7            We are convinced that the same procedures at play in Bangert should be adopted here.  In both cases, the supreme court mandated a procedure in order to assure that the defendant understood what rights he or she had.  In both cases, the mandated procedure was not followed.  In Bangert, the court wrote that the totality of the record is reviewed to determine whether the defendant nonetheless knew and understood the rights.  In this case, we arrive at the same remedy.  To do any less would place form over substance.

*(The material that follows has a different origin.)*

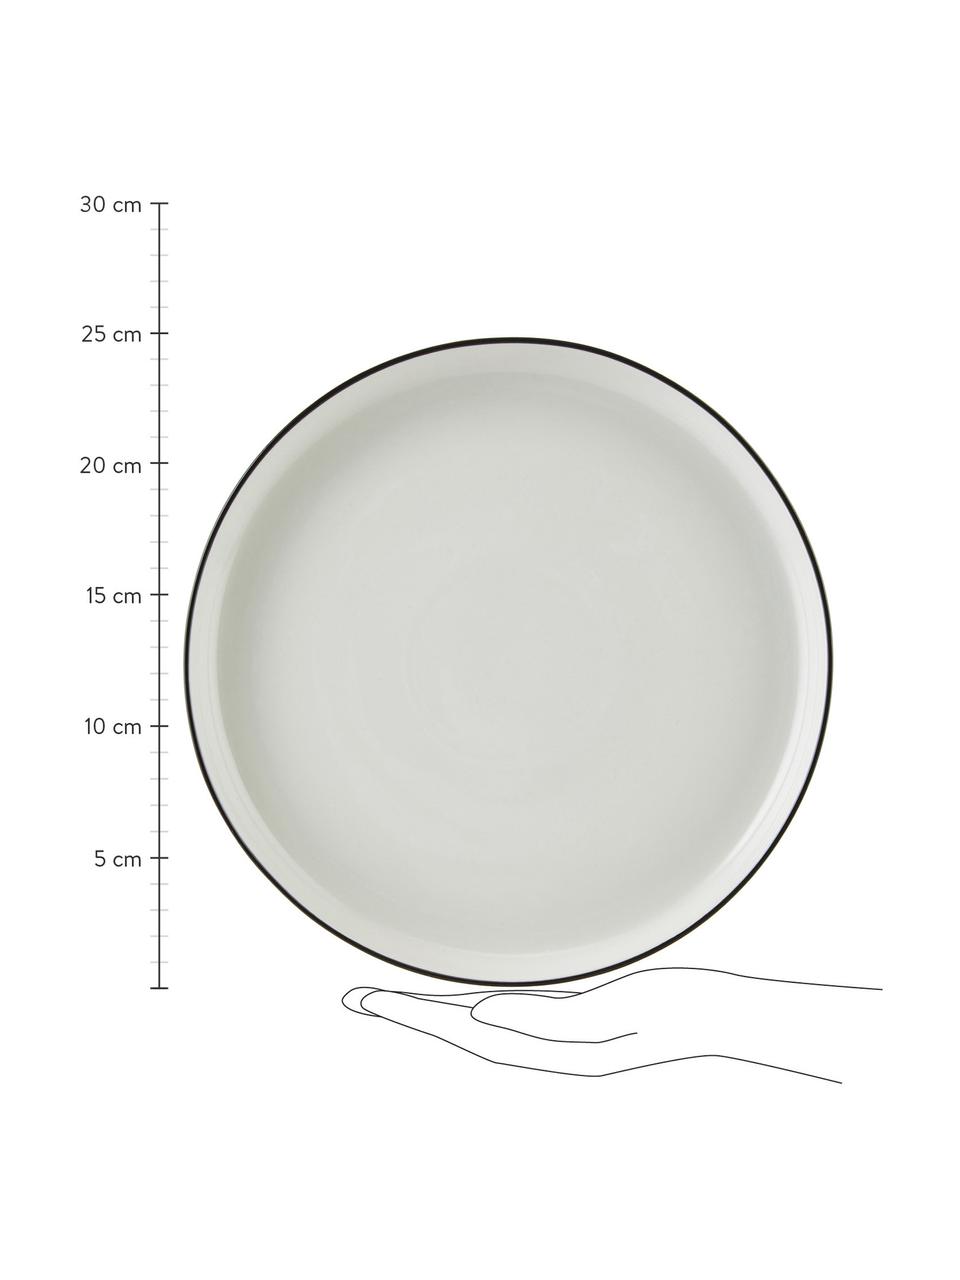 Piatto piano in porcellana con bordo nero Facile 2 pz, Ø 25 cm, Porcellana solida di alta qualità (ca. 50% caolino, 25% quarzo e 25% feldspato), Bianco crema, nero, Ø 25 x Alt. 3 cm

8            Now we can turn to the application of this law to our facts.  There is no question that the procedure mandated by the supreme court in Pultz was not followed.  Therefore, Schuricht has made her prima facie case.  The burden shifts to Manitowoc County.  The County points to the September 29, 1999 hearing regarding a motion to compel Schuricht to execute titles or bills of sale for the junked vehicles on her property.  At that hearing, the court ordered Schuricht to execute the titles or bills of sale for the junked vehicles.  Then the court said to Schuricht:  “In the event that is not done, then, the Court will consider the imposition of contempt sanctions.  That may mean you go to jail until it’s taken care of.”  The court also said to Schuricht:  “I advise you with respect to that motion you have the right to be represented by an attorney, including one appointed at public expense, because there’s a possibility you may go to jail.”  The court thus personally gave her the warnings, albeit at the end of the motion to compel hearing, which was the precursor to this contempt action.  Not only that, but the order to show cause why Schuricht should not be held in contempt relayed the same information.

9            The record further shows that Schuricht obviously knew the potential ramifications of a contempt proceeding because she had the foresight to engage a lawyer for the hearing.  Unfortunately, that lawyer did not appear, but asked for a continuance one-half hour before the hearing was to begin.  The court did not grant the continuance, went forward with the hearing and found Schuricht in contempt.

10            The record, viewed in its entirety, shows that Schuricht knew she could go to jail and knew she was entitled to a lawyer—at state expense if she could not afford one.  We are satisfied that the County has provided clear and convincing evidence as a matter of law.  Schuricht’s Pultz claim fails.

By the Court.—Order affirmed.

This case will not be published.  See Wis. Stat. Rule 809.23(1)(b)4.

 


 



[1]  This appeal is decided by one judge pursuant to Wis. Stat. § 752.31(2)(f) (1997-98).  All further references to the Wisconsin Statutes are to the 1997-98 version.